### Checking is easier than finding?

*Finding a solution to a problem should be harder than checking that a solution is correct*. That seems obvious if you’ve ever solved a sudoku puzzle, or solved a Rubik’s cube, or played a game of chess. But that statement, however intuitive looking, leads us directly to one of the deepest mathematical questions posed by our civilization.

*Non-deterministic polynomial time* (or **NP**) problems are ones where you can easily verify an answer to be correct. In contrast, *polynomial time* (or **P**) problems are those

where finding the answer is easy. If you can find the answer, then you have checked it to be correct, so every problem in **P** is also in **NP**. We say **P** is a *subclass* of **NP**. However, we don’t know whether there is any particular problem in **NP** that is not in **P, ** and that is what we call the* P vs NP problem*.

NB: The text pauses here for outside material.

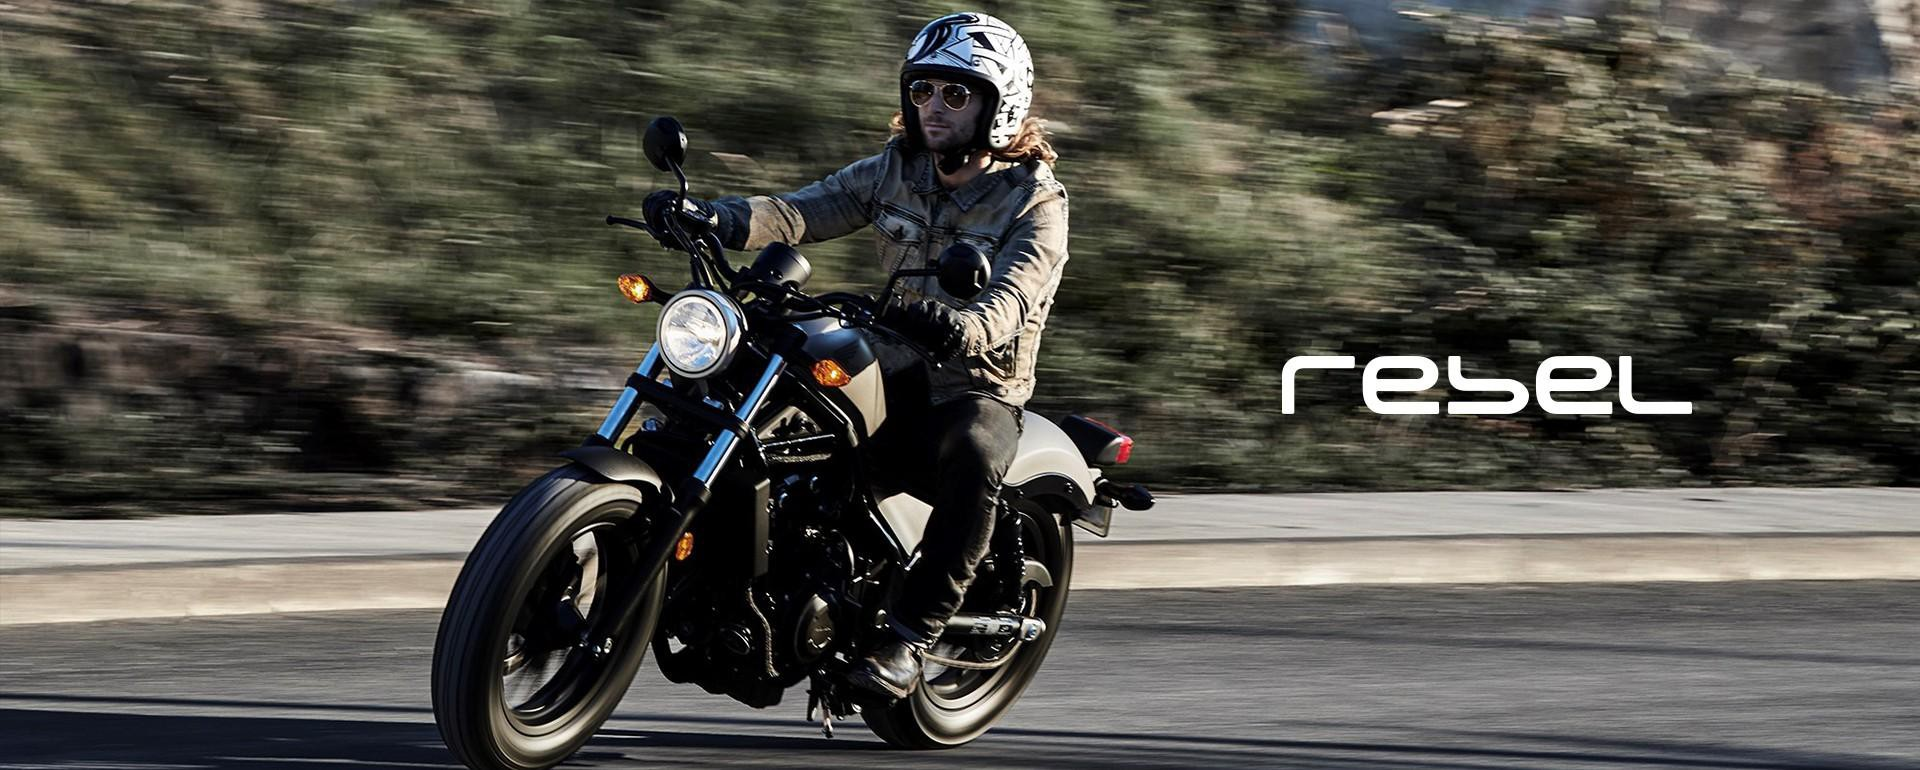 Honda-bigbike-Motorcycle-มอเตอร์ไซค์-บิ๊กไบค์-ฮอนด้า-rebel-500-banner

The **P** vs **NP** problem is one of the most central unsolved problems in mathematics and theoretical computer science. There is even a Clay Millennium Prize offering one million dollars for its solution. However, there are likely much easier ways to become a millionaire than solving **P** vs **NP**!

There was a buzz recently when someone purported to solve it on arXiv, although a gap in the proof was quickly found. Given the recent interest in the problem and its central place in mathematics, I discuss it in this week’s blog.

### Sudoku

If you are given a filled-in Sudoku puzzle in a newspaper, you might chuck it in the bin. But if you wanted, you could scan through the rows, columns, and 3 x 3 cells to tell it is a valid solution: each of 1, 2, … , 9 must occur exactly once. That is analogous to **NP**, as it is relatively easy to check if a solution is correct.

However, if I give you a partially filled Sudoku puzzle, it can be tough to find the solution. That’s the joy and challenge of this kind of puzzle. So being in **NP** doesn’t immediately seem to imply the problem has an easy to find a solution. That intuition is at the heart of the **P** vs **NP** problem.

### Precise formulation

To understand **P** and **NP** more precisely, we need to better understand algorithms and measure their speed. *Problems* are posed with some fixed input and output either YES or NO. The input is a given length, say n, where n is a positive integer. This represents the number of bits it takes to express the input. An *algorithm* is a method or procedure for solving a problem. Algorithms provide instructions at every step in a computation and must terminate. The steps could be seconds, milliseconds, or some other fixed interval of time that depends on your problem.

The *complexity* of a problem is the minimum worst-case running time over all possible algorithms solving the problem as a function of the length of the input. In other words, it measures how long it takes to solve the problem with the fastest algorithm but with the worst case input.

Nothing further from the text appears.